§ Recorded data
☆ ☆ ☆ ☆ ☆
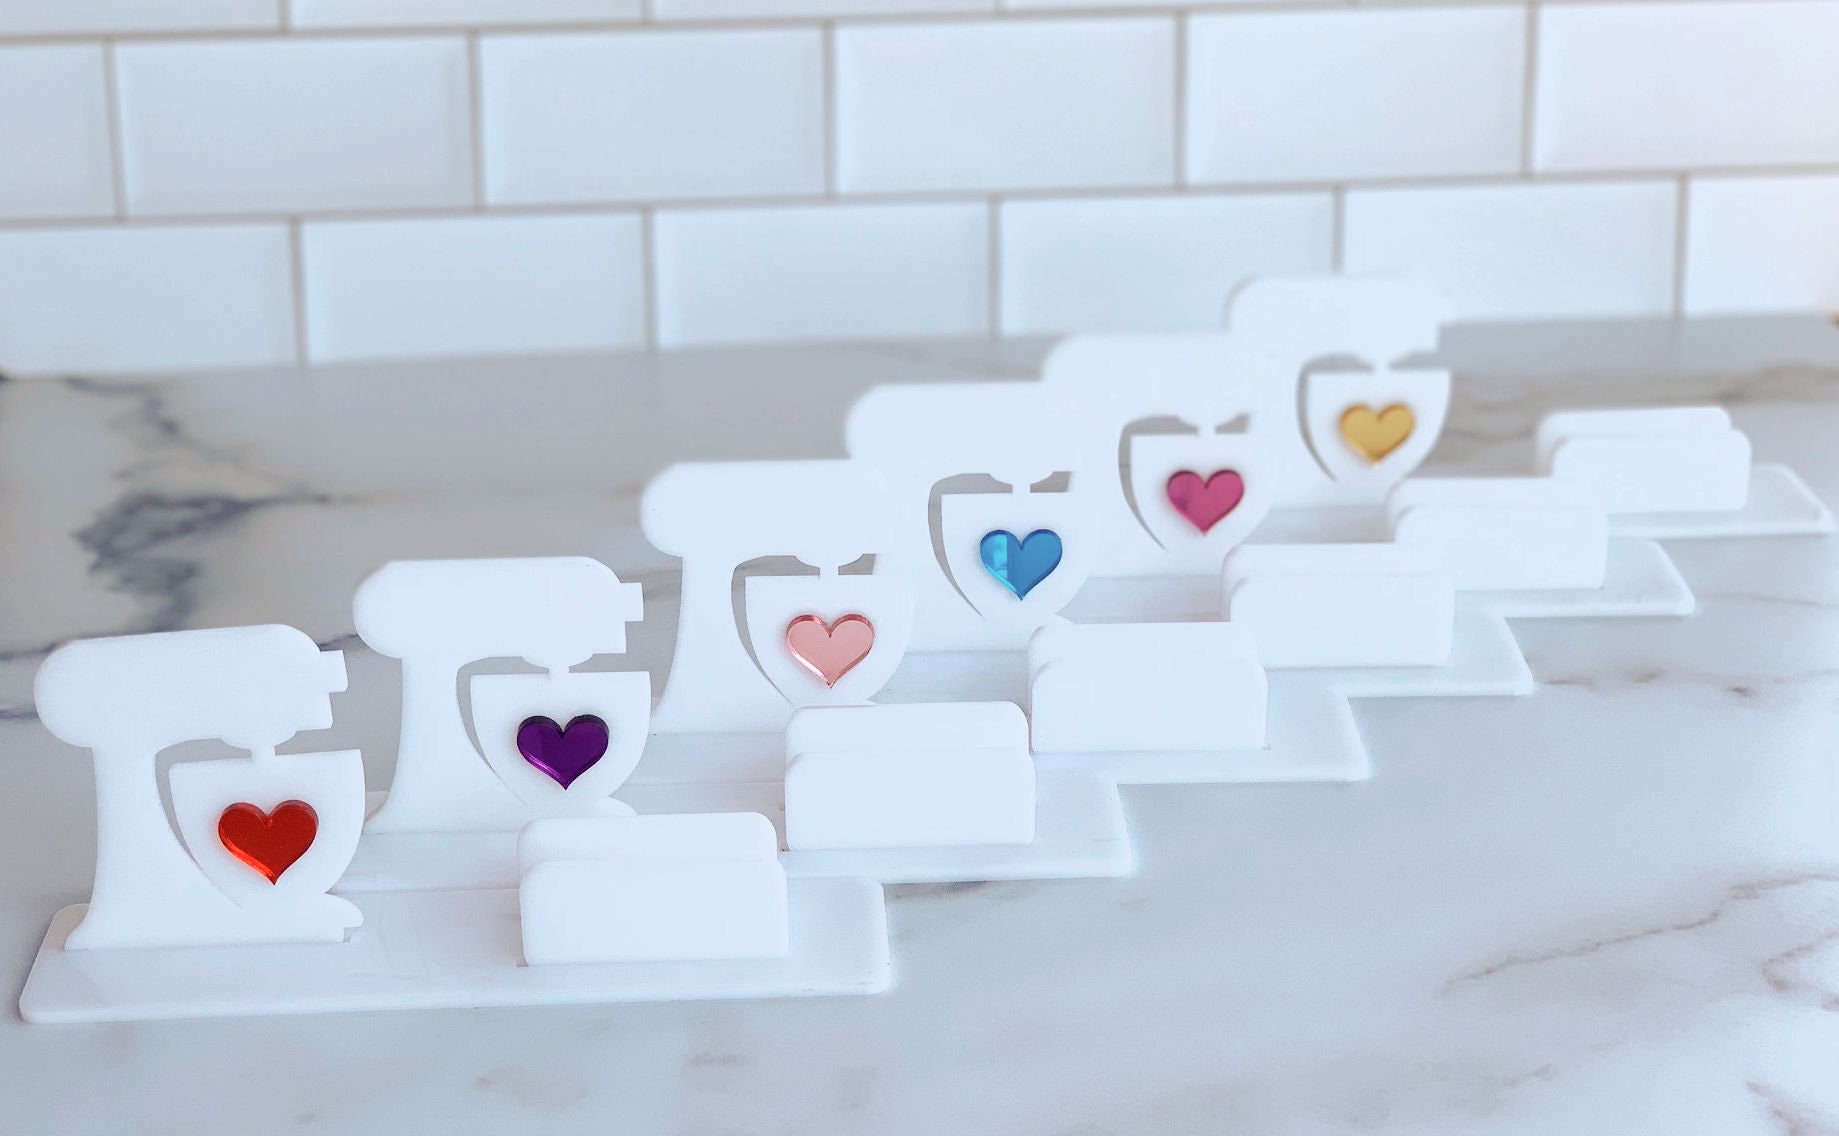 Heart Business Cards - Etsy
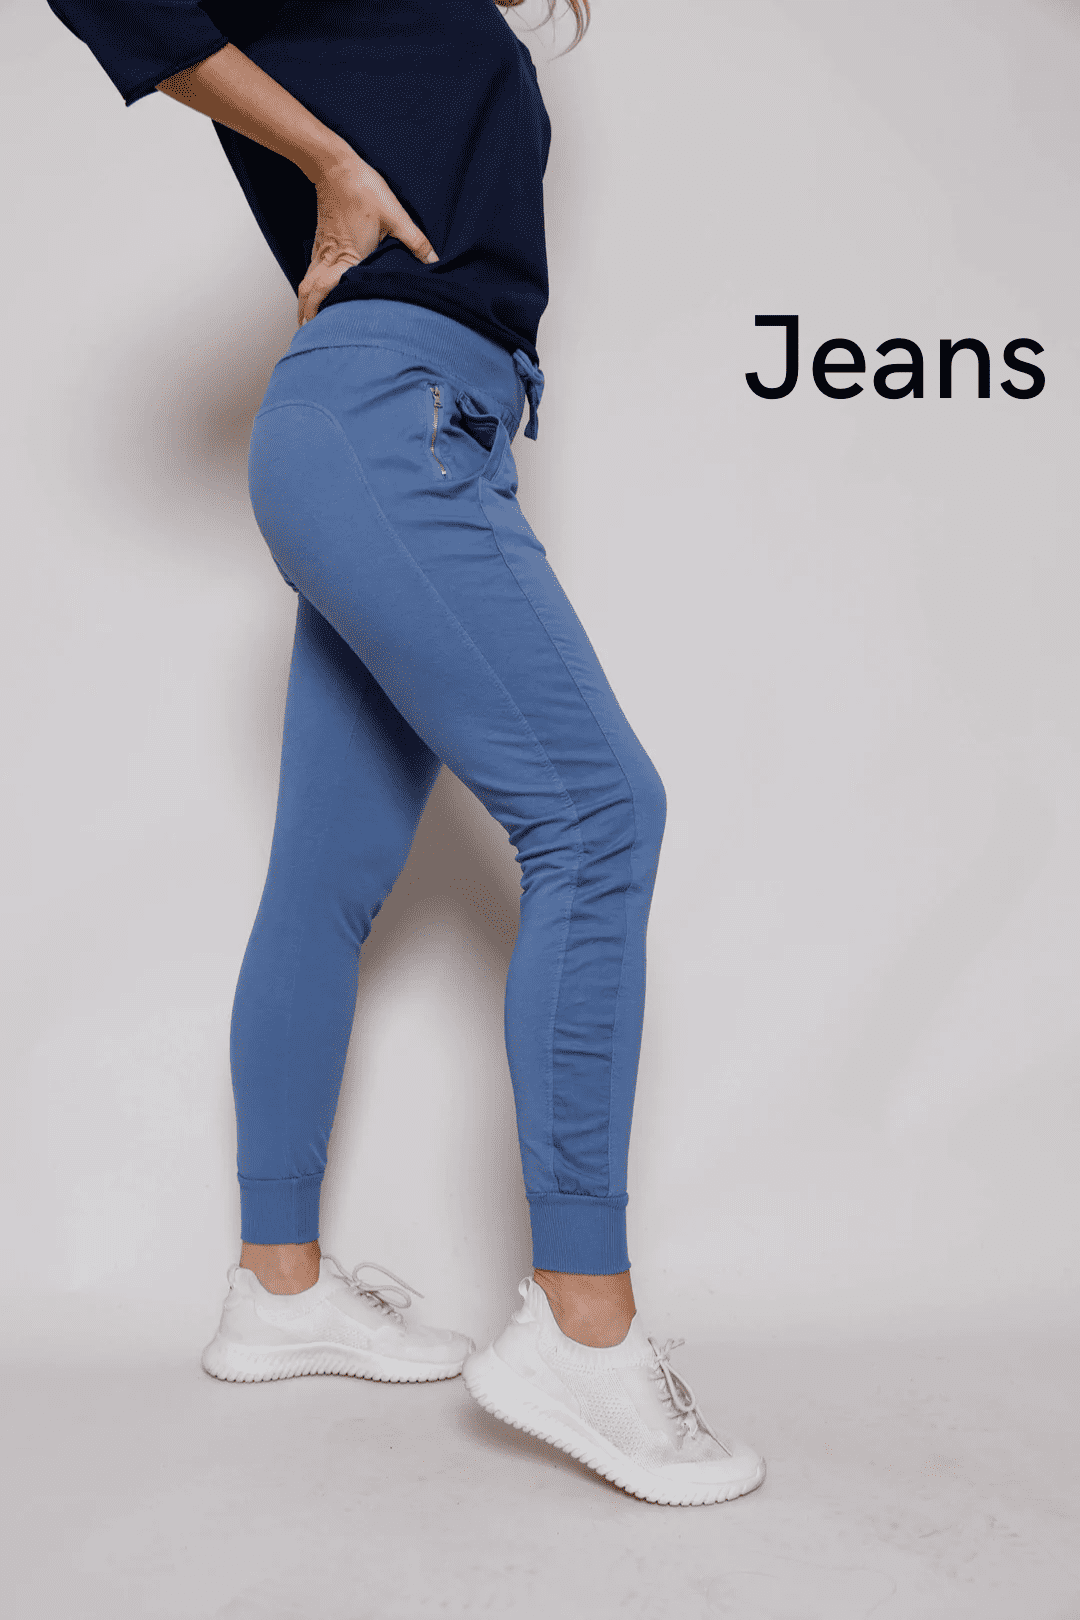 Jeans (1)
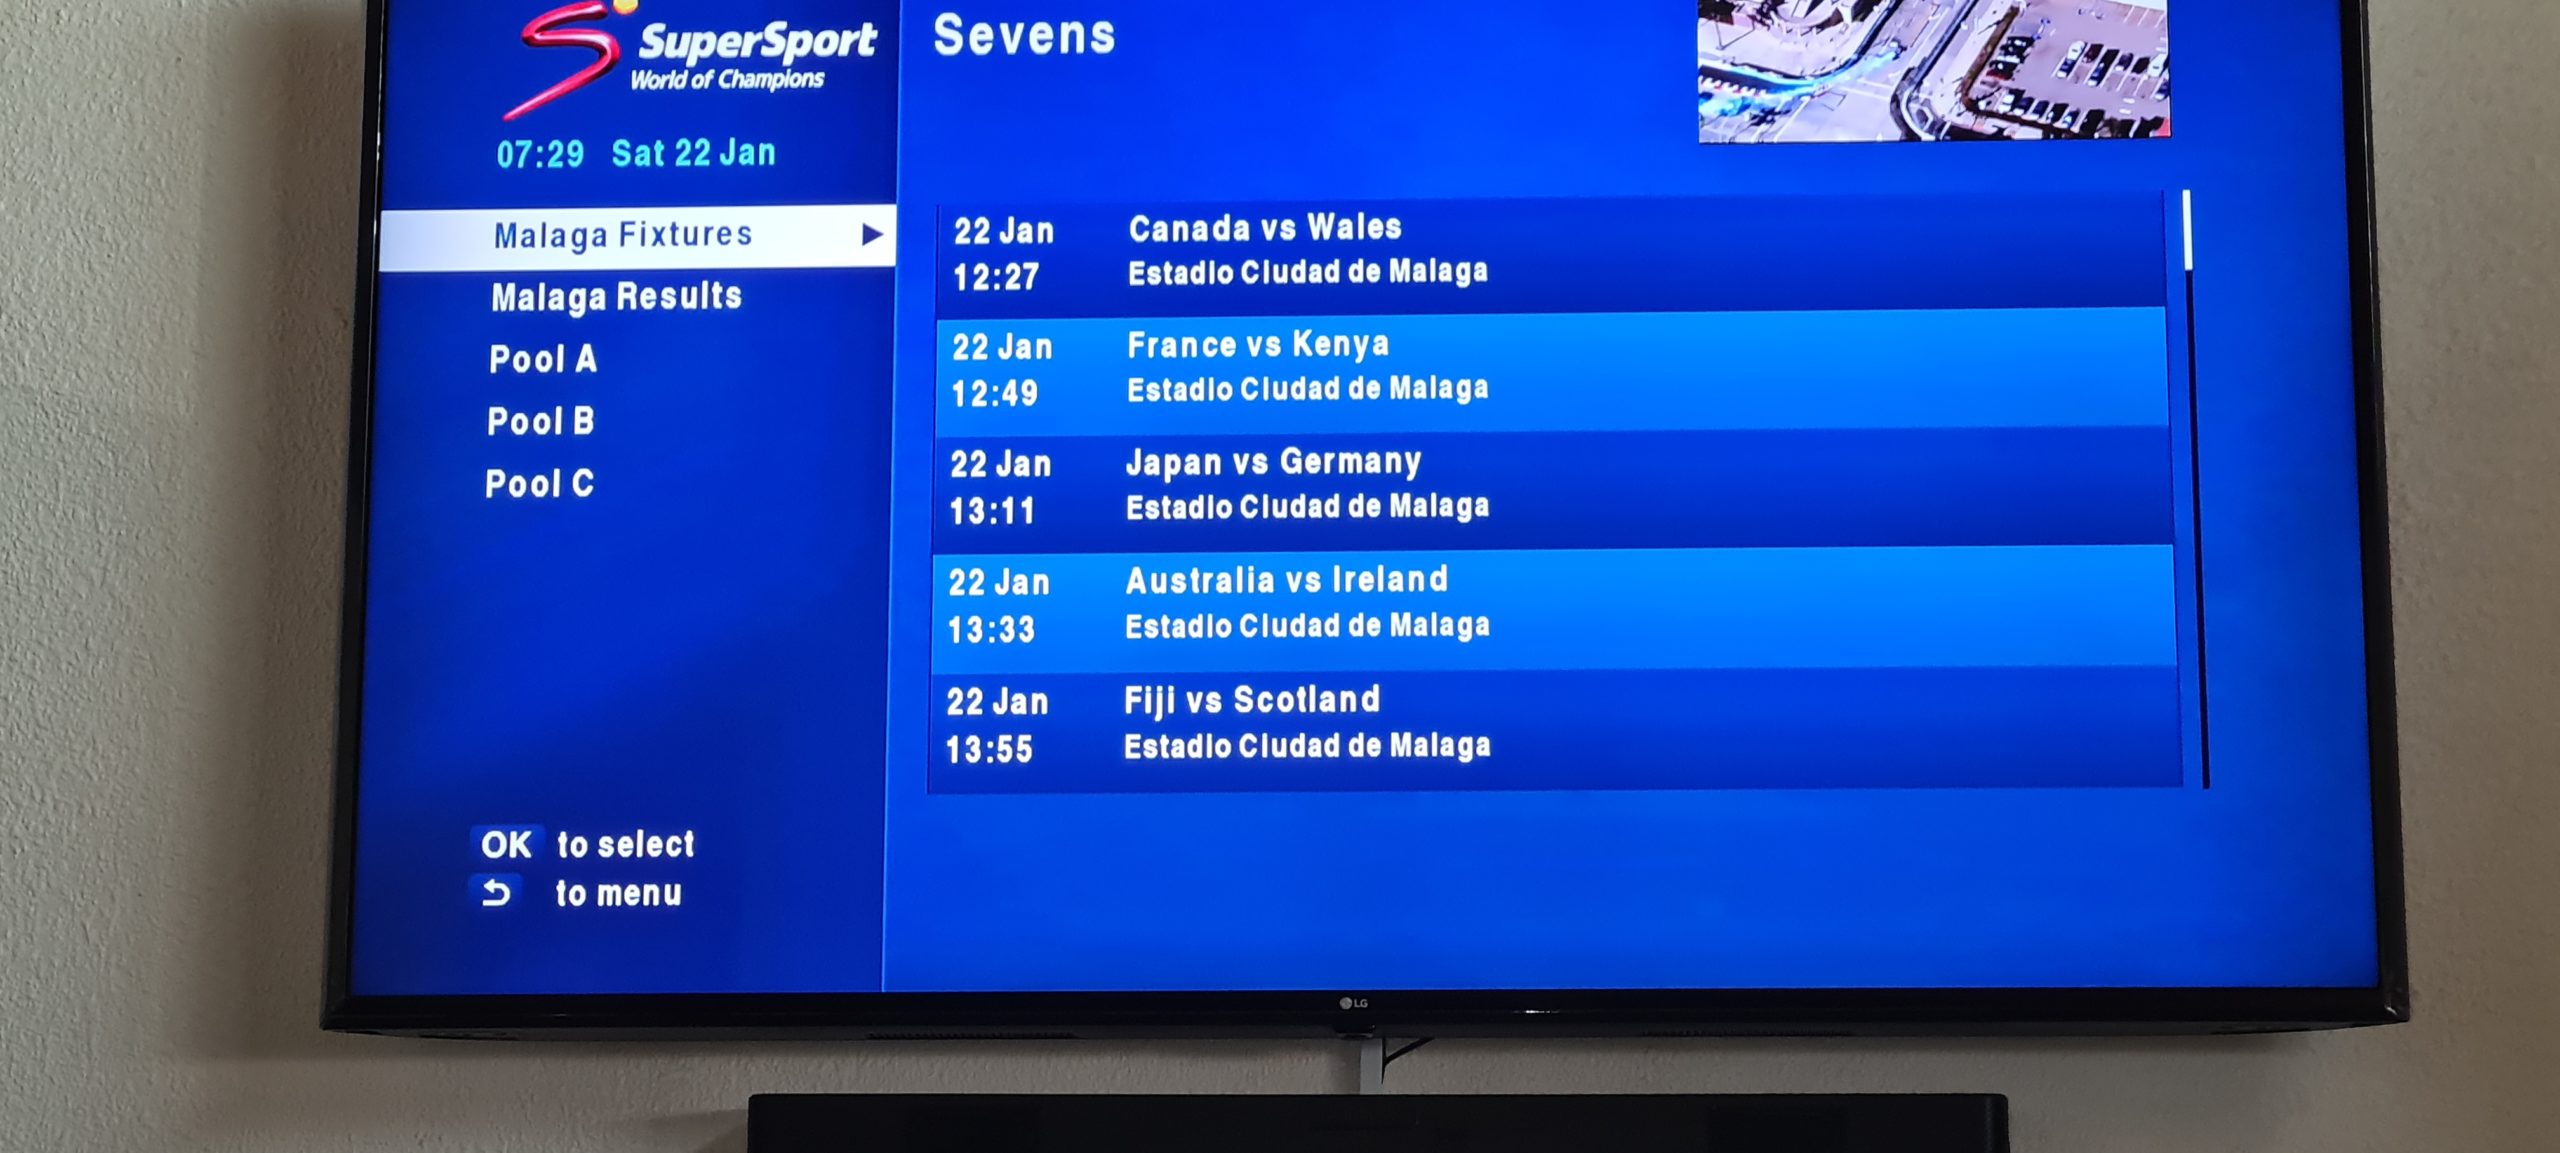 SuperSport complaint InaccurateIncomplete information
☆ ☆ ☆ ☆ ☆
A faithful copy of all the lines above is needed, with the pictures omitted.

§ Exercise result
 Heart Business Cards - Etsy
 Jeans (1)
 SuperSport complaint InaccurateIncomplete information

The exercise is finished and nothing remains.